▶ _EXERCISE REQUIREMENTS_:
Could you repeat every record below exactly, leaving out the pictures?

▶ _DATA TO EXAMINE_:
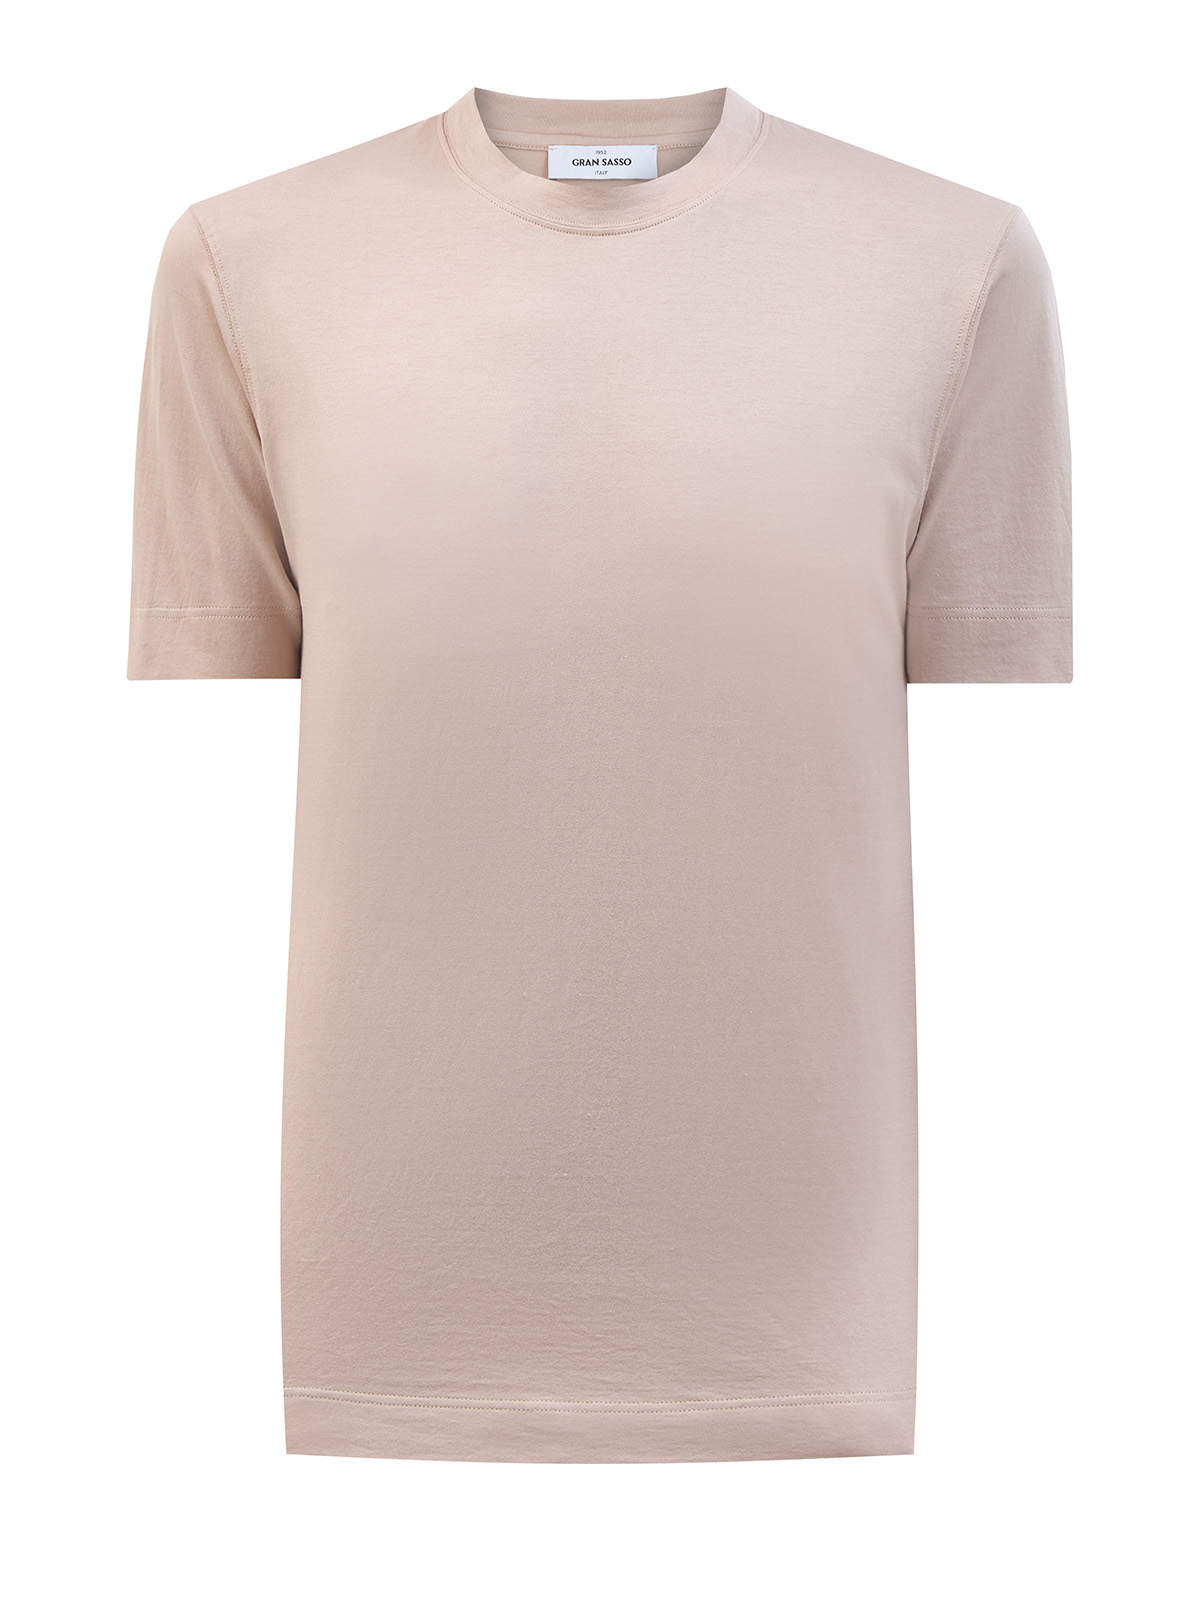 Хлопковая футболка из гладкого джерси с фирменной нашивкой GRAN SASSO, цвет бежевый, размер 48;50;52;54;56;58;60 - фото 1
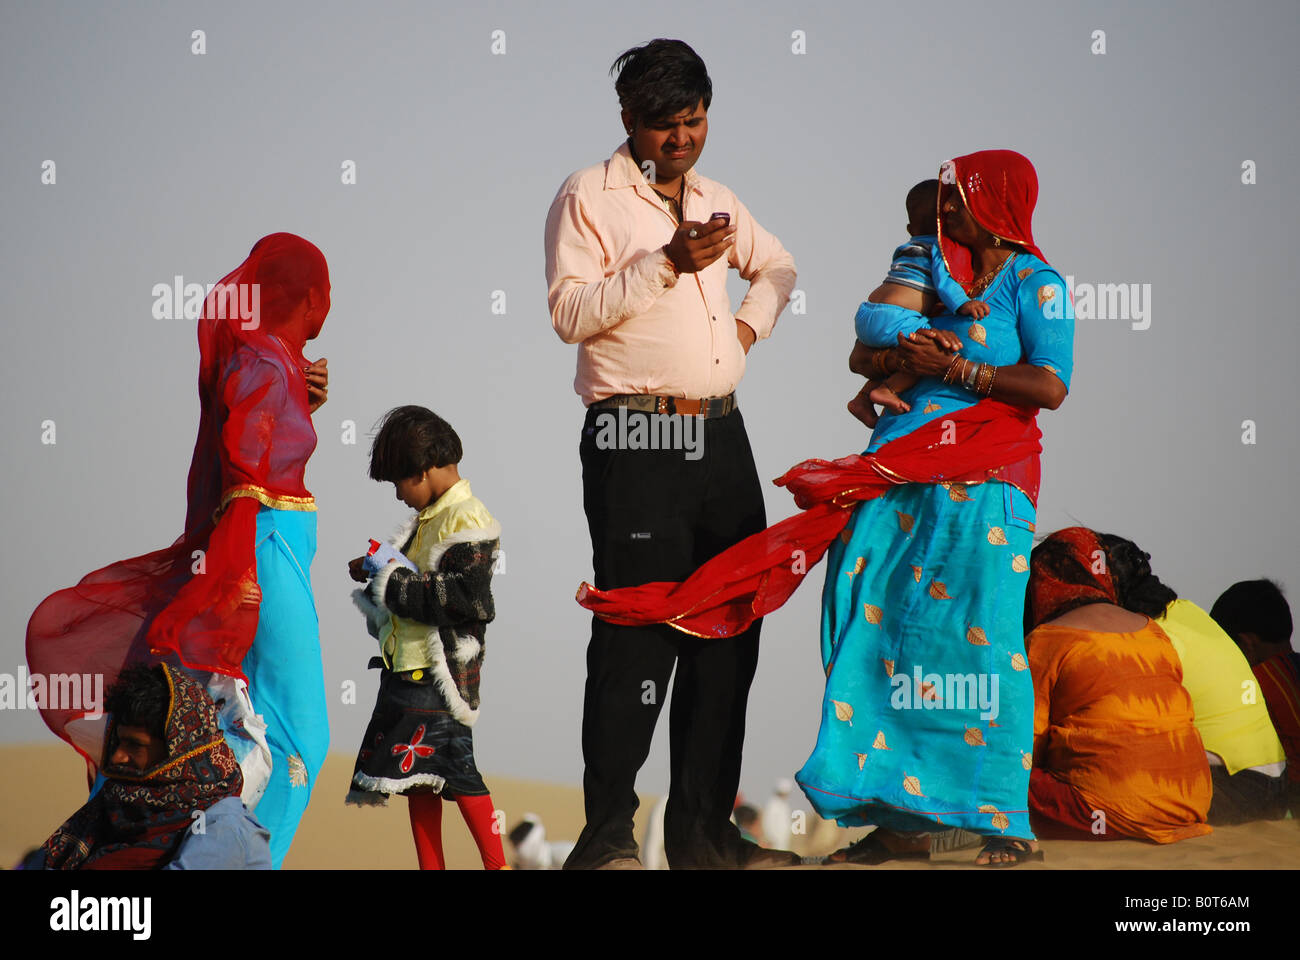 Un hombre de origen indio en ropa moderna comprueba su teléfono móvil rodeado de mujeres en prendas tradicionales en el Camel Festival en Th Foto de stock
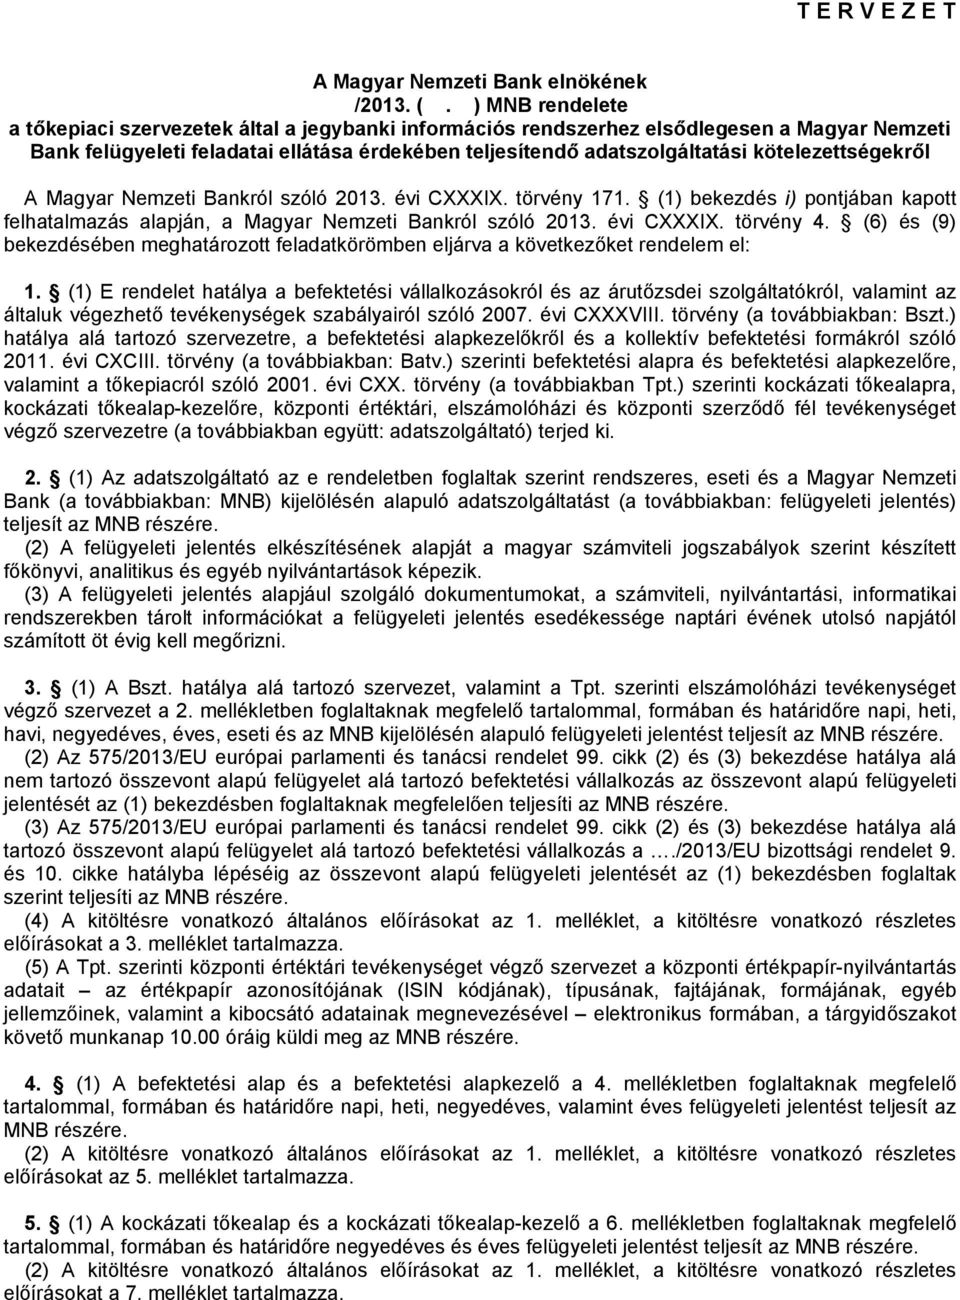 kötelezettségekről A Magyar Nemzeti Bankról szóló 2013. évi CXXXIX. törvény 171. (1) bekezdés i) pontjában kapott felhatalmazás alapján, a Magyar Nemzeti Bankról szóló 2013. évi CXXXIX. törvény 4.
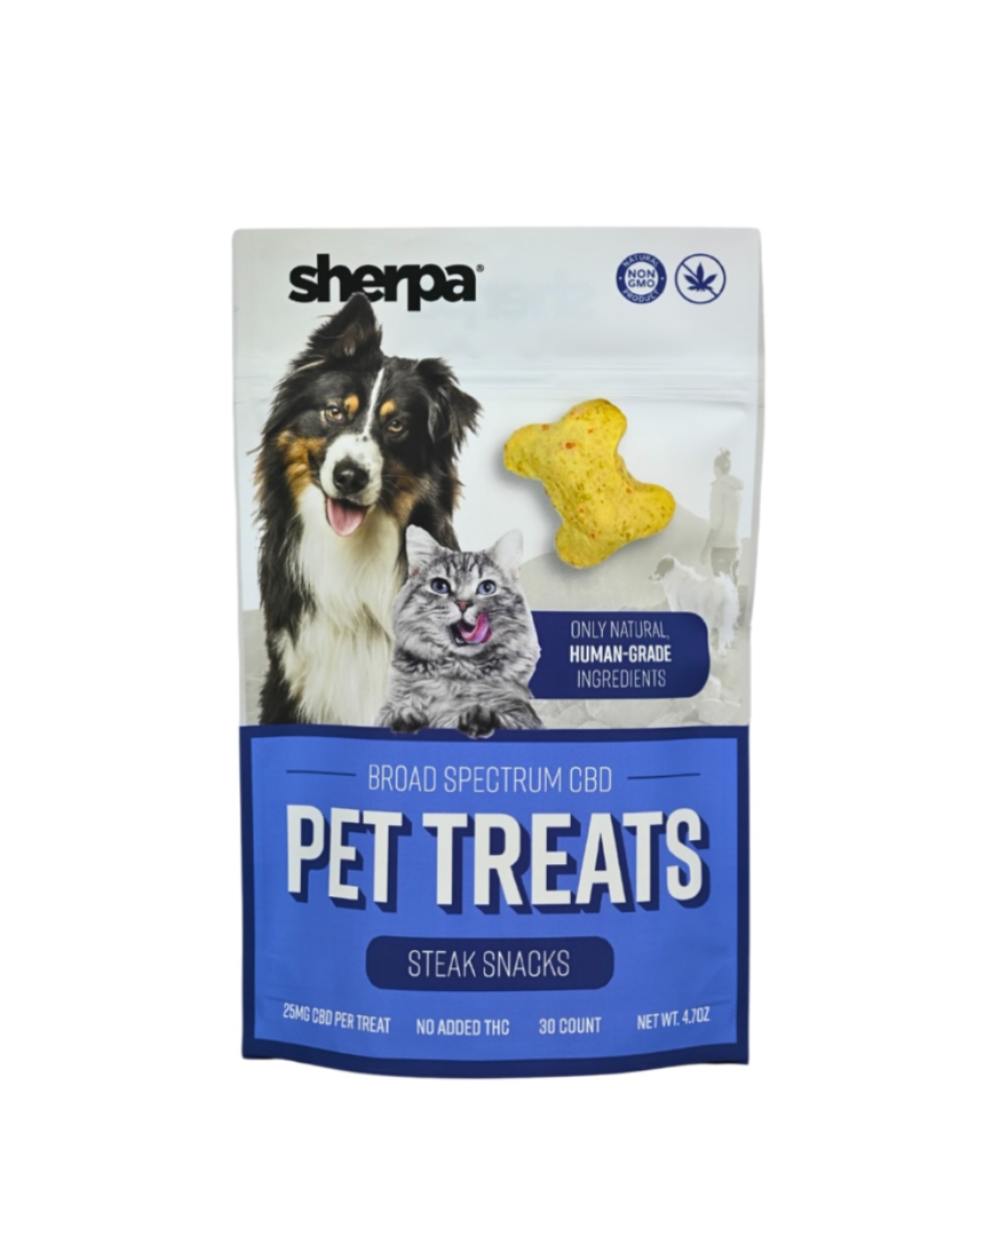 Steak Snack Pet Treats - 25mg per treat - Sherpa THC
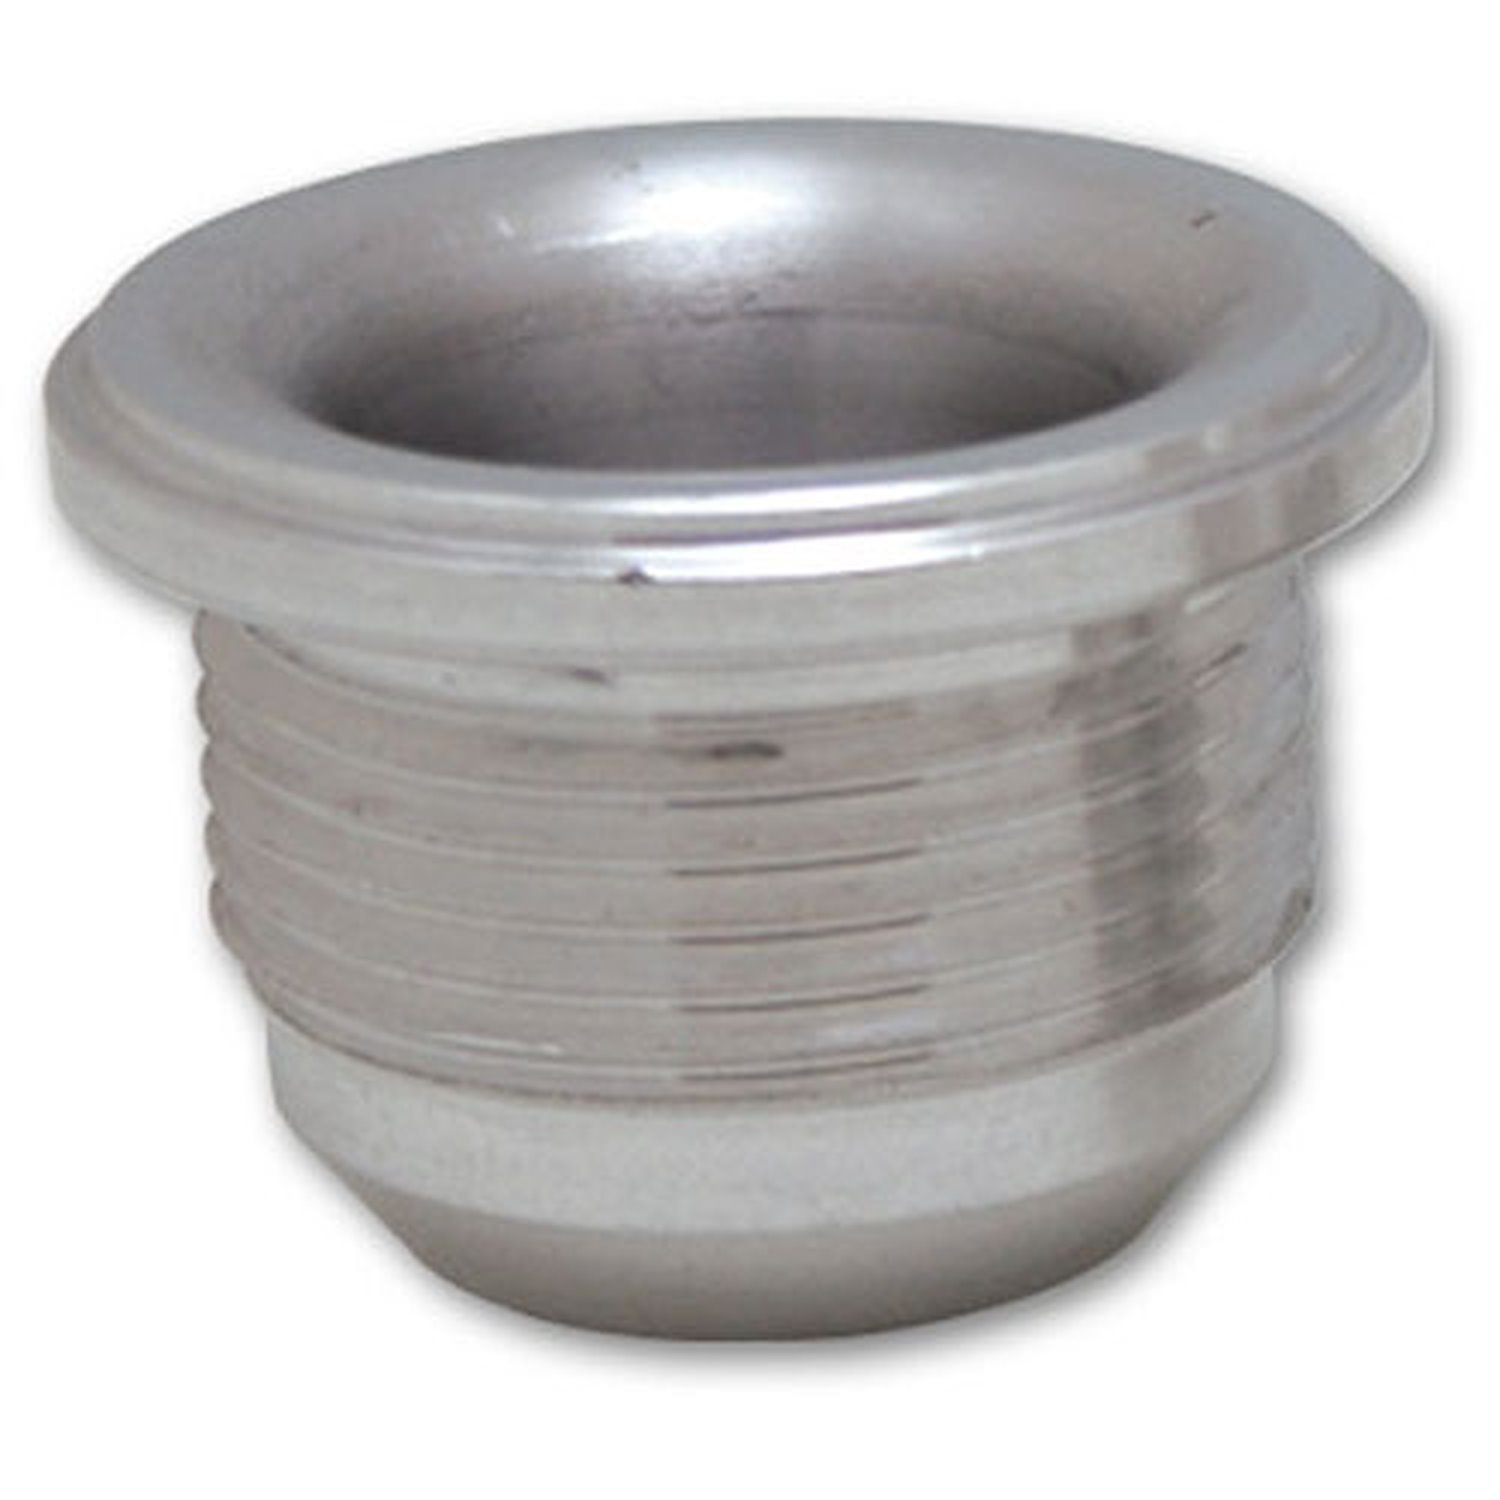 Male -12AN Aluminum Weld Bung 1-1/16" - 12 SAE Thread

▶ _RESPONSE AREA_:
 Хлопковая футболка из гладкого джерси с фирменной нашивкой GRAN SASSO, цвет бежевый, размер 48;50;52;54;56;58;60 - фото 1
 Un hombre de origen indio en ropa moderna comprueba su teléfono móvil rodeado de mujeres en prendas tradicionales en el Camel Festival en Th Foto de stock
 kötelezettségekről A Magyar Nemzeti Bankról szóló 2013. évi CXXXIX. törvény 171. (1) bekezdés i) pontjában kapott felhatalmazás alapján, a Magyar Nemzeti Bankról szóló 2013. évi CXXXIX. törvény 4.
 Steak Snack Pet Treats - 25mg per treat - Sherpa THC
 Male -12AN Aluminum Weld Bung 1-1/16" - 12 SAE Thread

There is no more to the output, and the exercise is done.